Gradient free optimization
Gradient-free optimizers are optimization algorithms that do not rely on the gradient of the objective function to find the optimal solution. Instead, they use other methods such as Bayesian optimization, Nelder-Mead algorithm, genetic algorithms, or simulated annealing to explore the search space and find the optimal solution. These methods are particularly useful when the objective function is non-differentiable or when the gradient is difficult to compute. However, gradient-free optimizers can be slower and less efficient than gradient-based methods, especially when the search space is high-dimensional.
Golden section search
The golden section search is a simple optimization algorithm that can be used to find the minimum of a unimodal function. A unimodal function is a function that has a single minimum within a given interval. The golden section search algorithm works by iteratively narrowing down the search interval until the minimum is found with a specified tolerance.
The Julia implementation of the golden section search algorithm is as follows:
function golden_section_search(f, a, b; tol=1e-5)

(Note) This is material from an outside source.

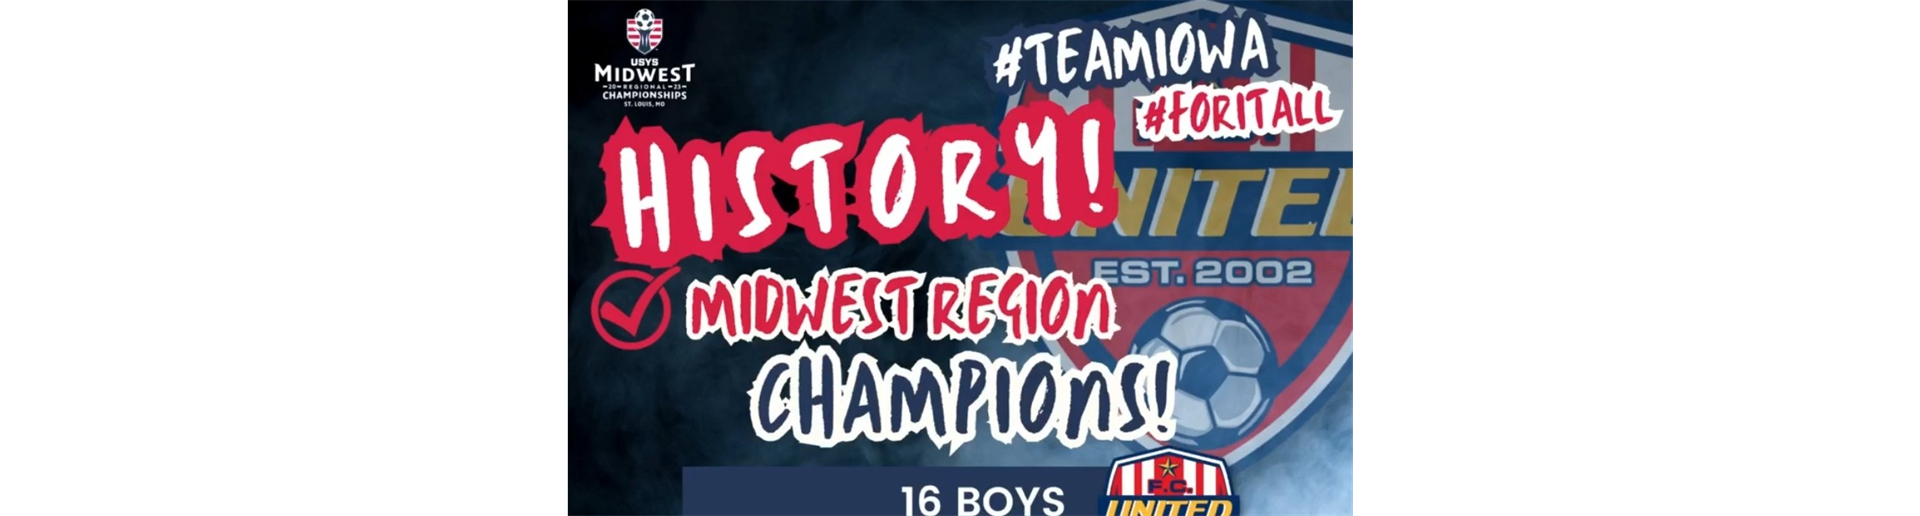 History!  First team from Iowa to win USYS Region 2 Championships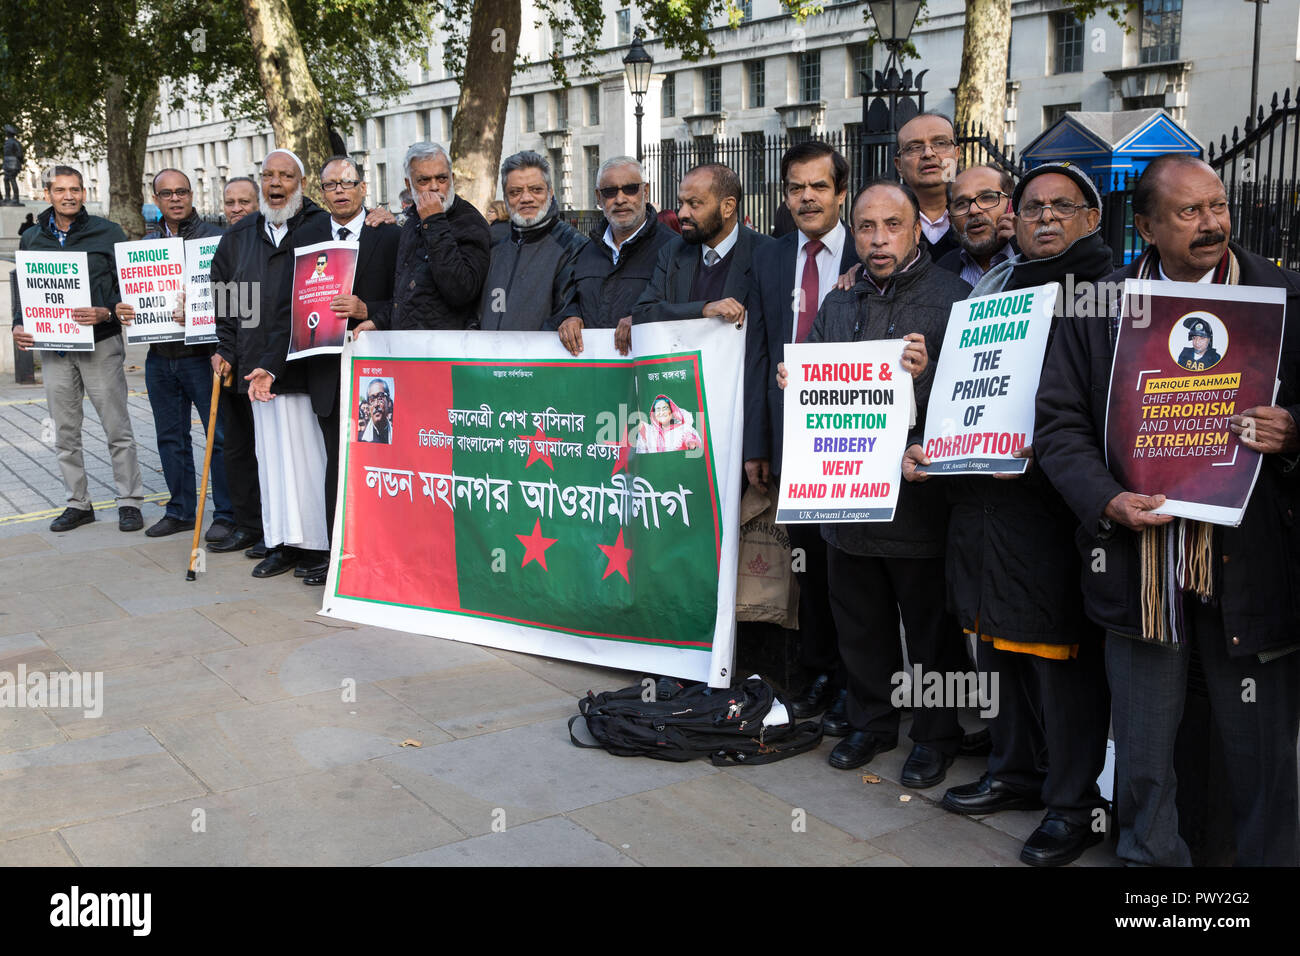 London, UK. 18th October, 2018. Campaigners from the UK Awami League, supporters of the current Government of Bangladesh under Prime Minister Sheikh Hasina, protest in Whitehall opposite Downing Street to call on the British Government to extradite Tarique Rahman, acting chairman of Bangladesh Nationalist Party, to Bangladesh. Tarique Rahman successfully applied for political asylum in the UK in 2008 and has since been granted indefinite leave to remain. Credit: Mark Kerrison/Alamy Live News Stock Photo

τ = (√5 - 1) / 2 # golden ratio
x1 = a + (1 - τ) * (b - a)
x2 = a + τ * (b - a)
f1, f2 = f(x1), f(x2)
k = 0
while b - a > tol
k += 1
if f1 > f2
a = x1
x1 = x2
f1 = f2
x2 = a + τ * (b - a) # update x2
f2 = f(x2)
else
b = x2
x2 = x1
f2 = f1
x1 = a + (1 - τ) * (b - a) # update x1
f1 = f(x1)
end
end
return f1 < f2 ? (a, f1) : (b, f2)
end;
golden_section_search(x->(x-4)^2, -5, 5; tol=1e-5)
(3.9999961406355244, 2.888960377059731e-13)
It converges to the minimum in $O(\log(\frac{b-a}{\epsilon}))$ iterations, where $\epsilon$ is the tolerance.
The downhill simplex method - the one-dimensional case
The downhill simplex method, also known as the Nelder-Mead method, is a popular optimization algorithm that does not require the gradient of the objective function. It is a heuristic algorithm that iteratively constructs a simplex (a geometric shape with $n+1$ vertices in $n$ dimensions) and updates the vertices of the simplex to minimize the objective function. The algorithm is based on the concept of "downhill" movement, where the simplex moves towards the minimum of the objective function by iteratively evaluating the function at different points in the search space.
The following is the basic idea of the one-dimensional downhill simplex method:
- Initialize a one dimensional simplex, evaluate the function at the end points $x_1$ and $x_2$ and assume $f(x_2) > f(x_1)$.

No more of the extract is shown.